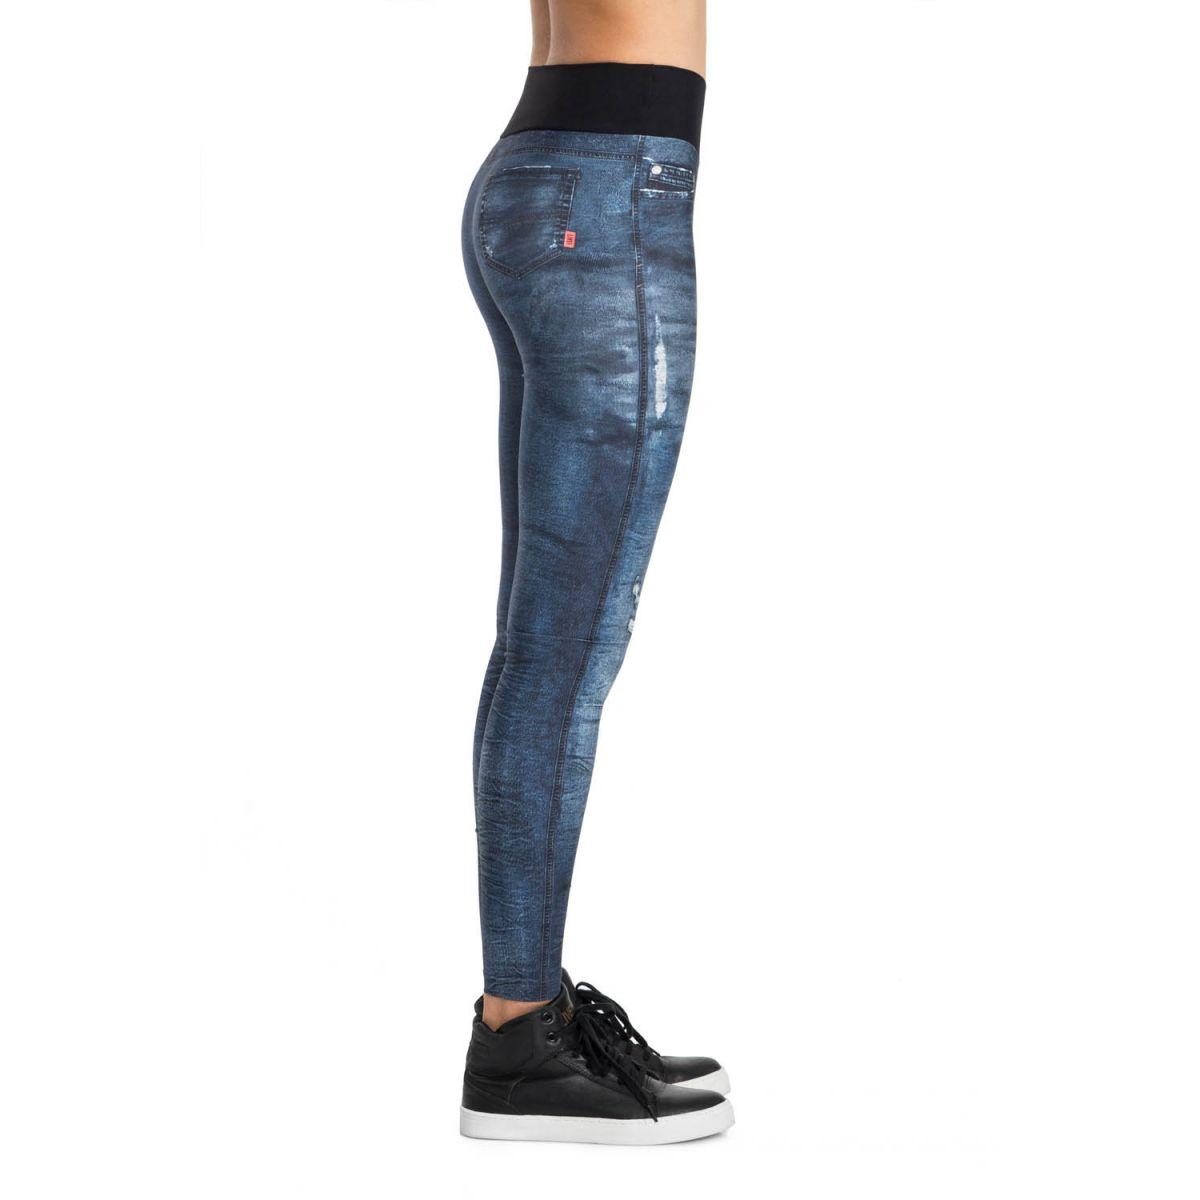 Fusô Jeans Power Riff Urban Live
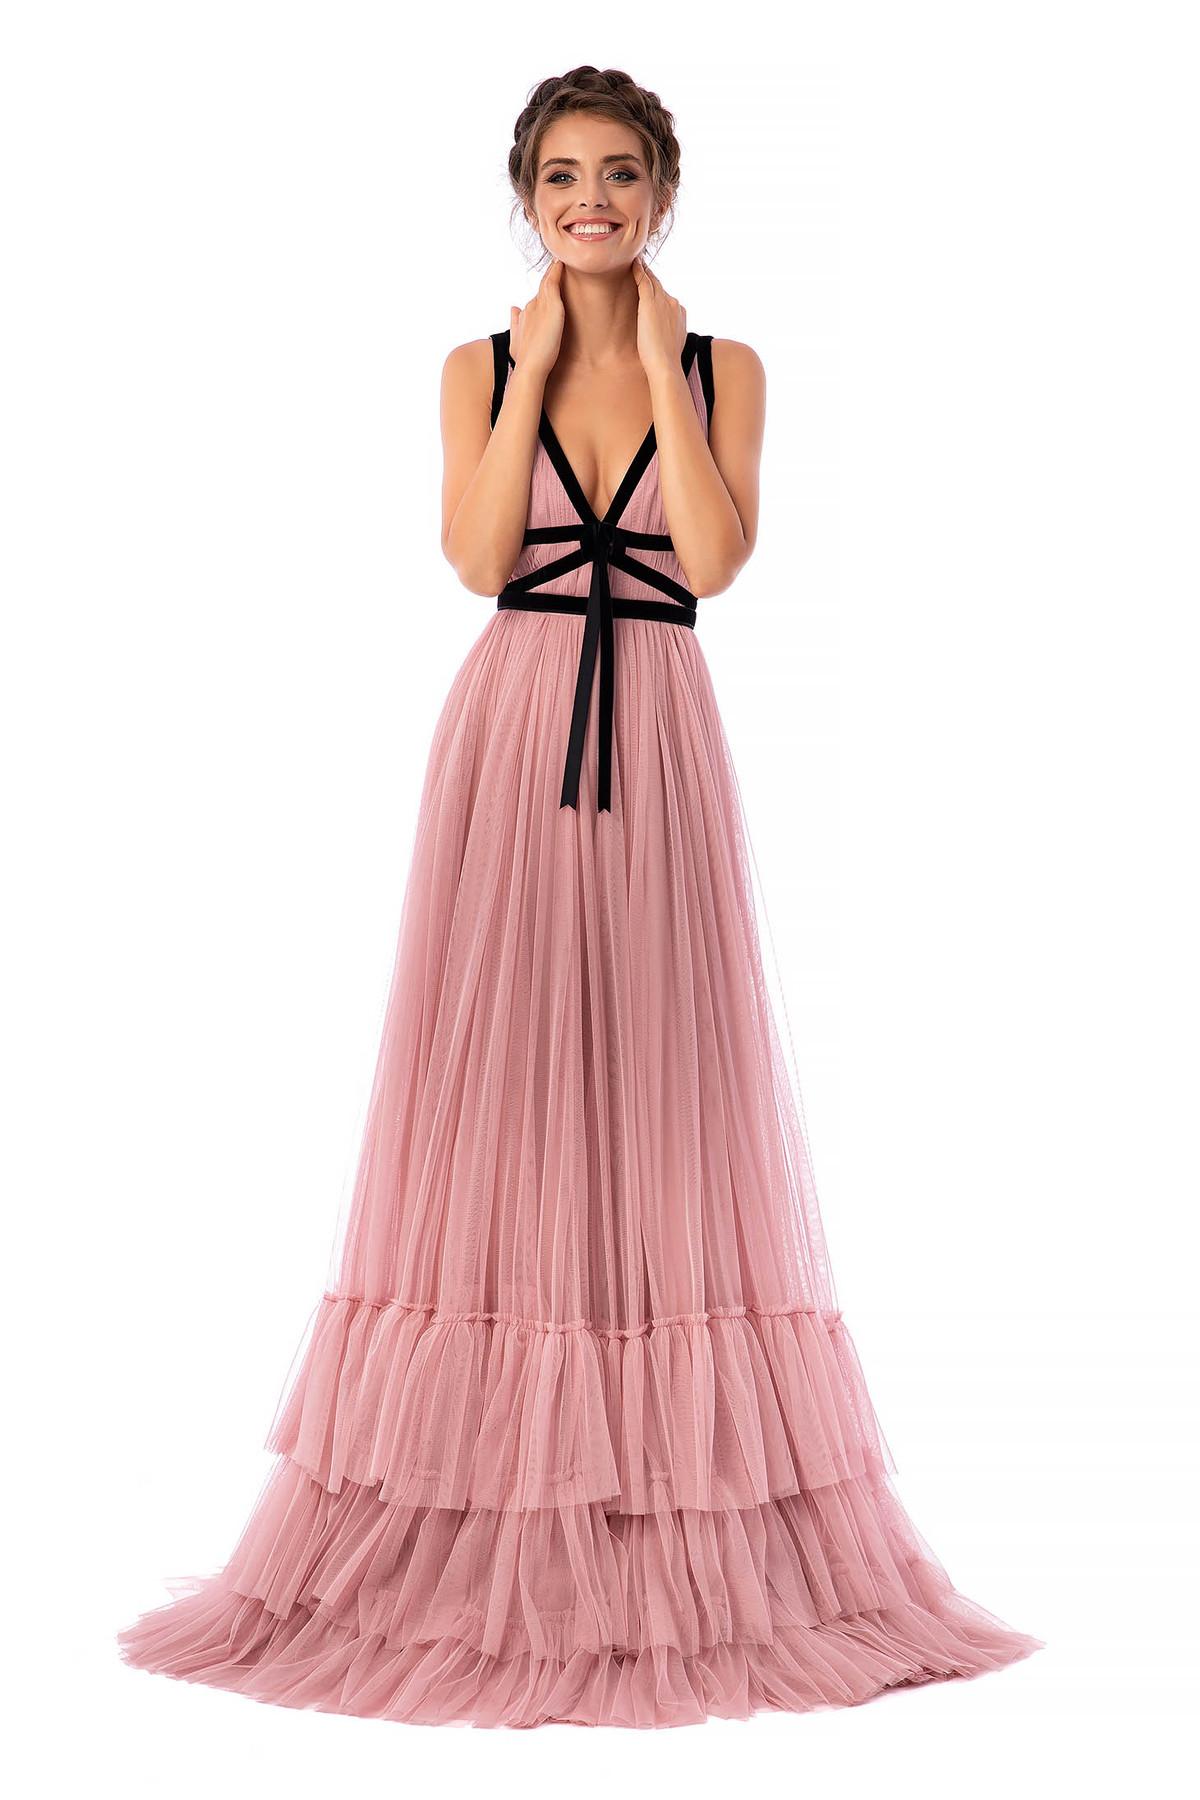 Rochie Ana Radu roz prafuit de lux lunga in clos din tul cu decolteu adanc in v cu aplicatii de catifea fara maneci
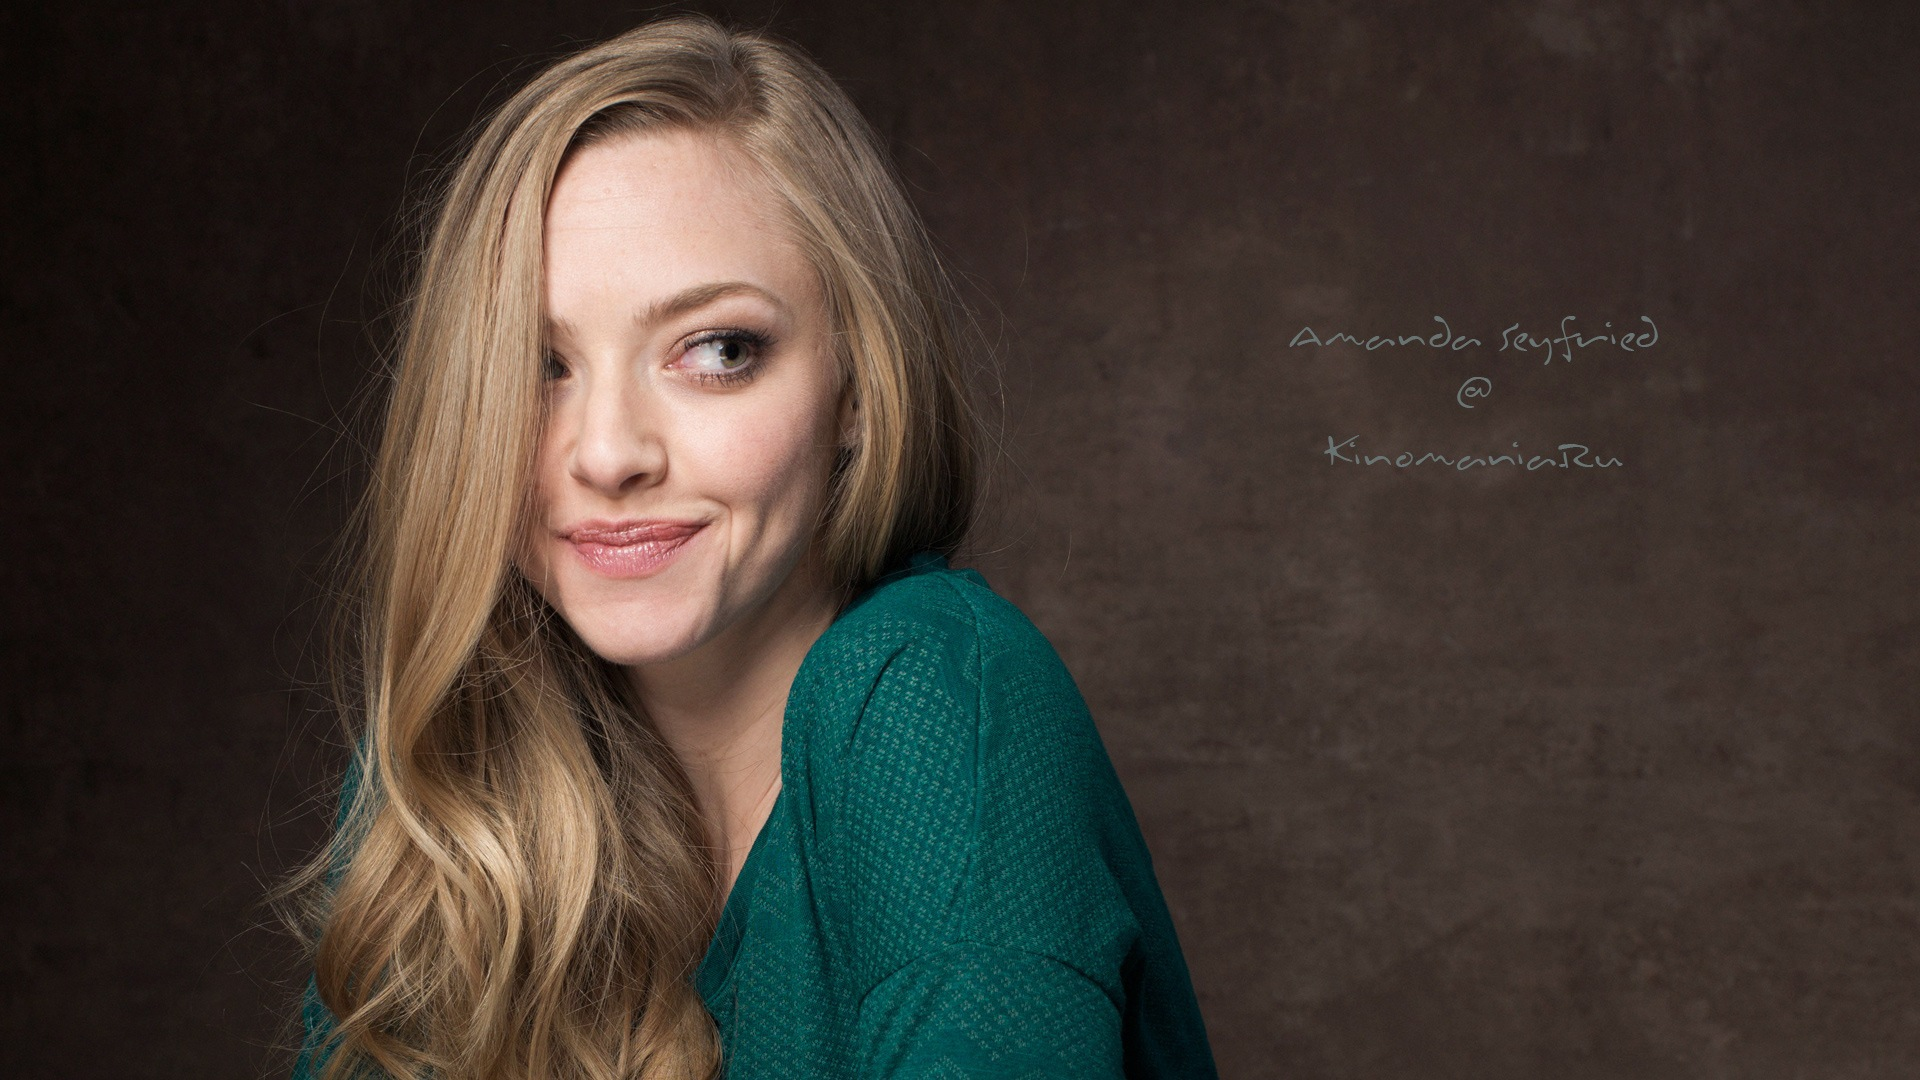 Amanda Seyfried Free HD Wallpapers

******************************

## HOW TO COMPLETE THIS TASK
Pictures stay out; everything else in the listing above gets repeated exactly.

## EXERCISE SOLUTION
 Fusô Jeans Power Riff Urban Live
 Rochie Ana Radu roz prafuit de lux lunga in clos din tul cu decolteu adanc in v cu aplicatii de catifea fara maneci
 Amanda Seyfried Free HD Wallpapers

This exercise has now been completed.